# MotorTrend follow-up article on interior



## MelindaV

along with an additional interior video talking with Franz where he gives more details on the interior including how the air vent works 
http://www.motortrend.com/news/video-exclusive-a-closer-look-at-the-tesla-model-3s-interior/


----------



## SoFlaModel3

MelindaV said:


> along with an additional interior video talking with Franz where he gives more details on the interior including how the air vent works
> http://www.motortrend.com/news/video-exclusive-a-closer-look-at-the-tesla-model-3s-interior/
> 
> View attachment 2971


I went with "Winner", but I also wanted to simultaneously select "Love It", "Like" and "Informative"


----------



## Michael Russo

SoFlaModel3 said:


> I went with "Winner", but I also wanted to simultaneously select "Love It", "Like" and "Informative"

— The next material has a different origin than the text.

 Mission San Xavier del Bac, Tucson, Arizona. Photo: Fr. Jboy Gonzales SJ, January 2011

I'll help you there, SFM3!!


----------



## roguenode

I hope to see Tesla add split-screen to the right 2/3 of the display so you can setup dual-functions to show at once like in the S & X. I like going between having map/nav in combo with either rear camera view as an alternative to the rear view mirror or the full sound controls.


----------



## SoFlaModel3

roguenode said:


> I hope to see Tesla add split-screen to the right 2/3 of the display so you can setup dual-functions to show at once like in the S & X. I like going between having map/nav in combo with either rear camera view as an alternative to the rear view mirror or the full sound controls.


It essentially does that with the overlays.

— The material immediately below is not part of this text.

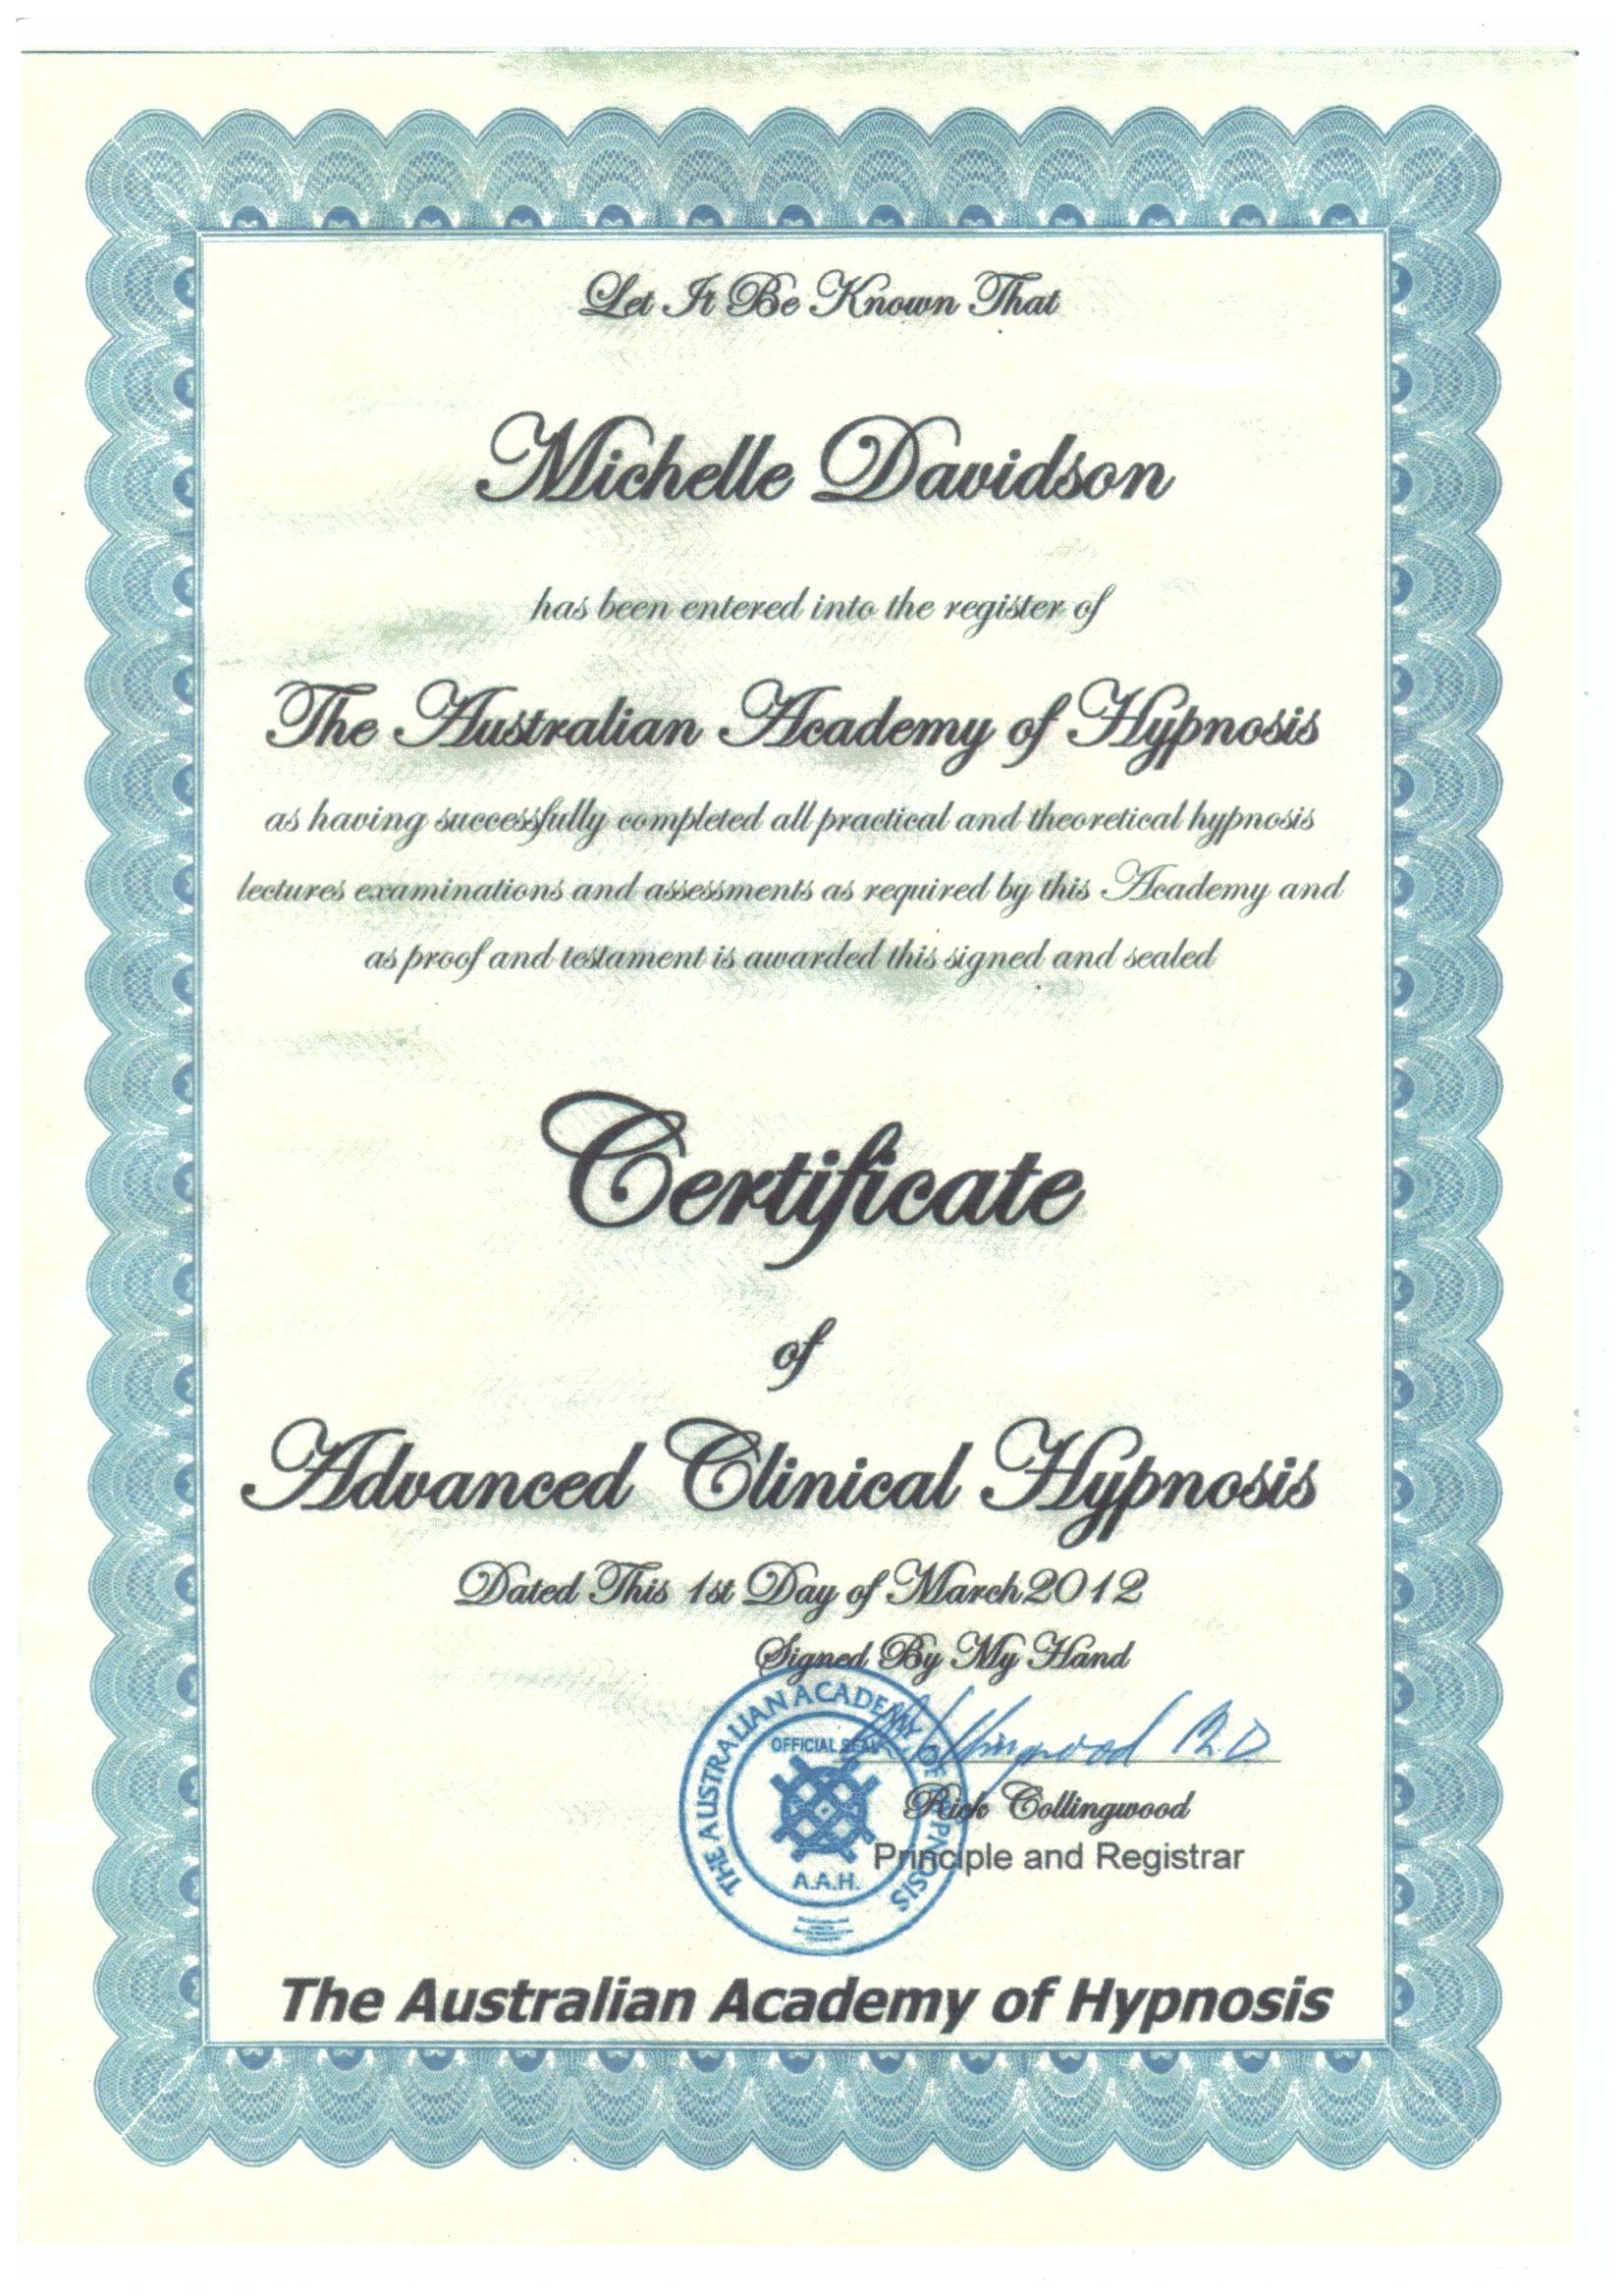 Advanced Clinical Hypnosis 2012

You tap music and it opens as a thin minimalist row with all you need for quick actions. Need more, swipe up, the full music player is there.


----------



## roguenode

SoFlaModel3 said:


> It essentially does that with the overlays.
> 
> You tap music and it opens as a thin minimalist row with all you need for quick actions. Need more, swipe up, the full music player is there.


Thanks, I'll hunt around to see if I can find any videos showing the overlay feature. So, with the overlays you could show the rear camera view on the top half and nav/map on the bottom?


----------



## SoFlaModel3

roguenode said:


> Thanks, I'll hunt around to see if I can find any videos showing the overlay feature. So, with the overlays you could show the rear camera view on the top half and nav/map on the bottom?


That I don't know, but you can see the music overlay in the video in the link above from the first post in this thread.

Camera and Nav together isn't necessarily logical IMHO. You're really only using the camera briefly or for backing up and losing nav for those few seconds shouldn't matter.

If you drive with the rear view camera on, it will probably make you sick


----------



## roguenode

SoFlaModel3 said:


> That I don't know, but you can see the music overlay in the video in the link above from the first post in this thread.
> 
> Camera and Nav together isn't necessarily logical IMHO. You're really only using the camera briefly or for backing up and losing nav for those few seconds shouldn't matter.
> 
> If you drive with the rear view camera on, it will probably make you sick


We sometimes drive with the rear camera view on the top of the display. In heavy traffic it provides a clearer and wider view than the rear view mirror.


----------



## MelindaV

from what I've seen of the UI as it exists so far, the rear camera isn't an overlay, but takes over the right ⅔


----------



## SoFlaModel3

roguenode said:


> We sometimes drive with the rear camera view on the top of the display. In heavy traffic it provides a clearer and wider view than the rear view mirror.


Really?

I tried in my dad's S and it made me dizzy looking it for anything other than a slow speed backup.


----------



## Daliman

I went with winner just to keep things balenced. Looking at this I think they have gone well beyond the current screens in making the 3 user friendly and intuitive. Can't wait to start playing with it.


----------



## roguenode

SoFlaModel3 said:


> Really?
> 
> I tried in my dad's S and it made me dizzy looking it for anything other than a slow speed backup.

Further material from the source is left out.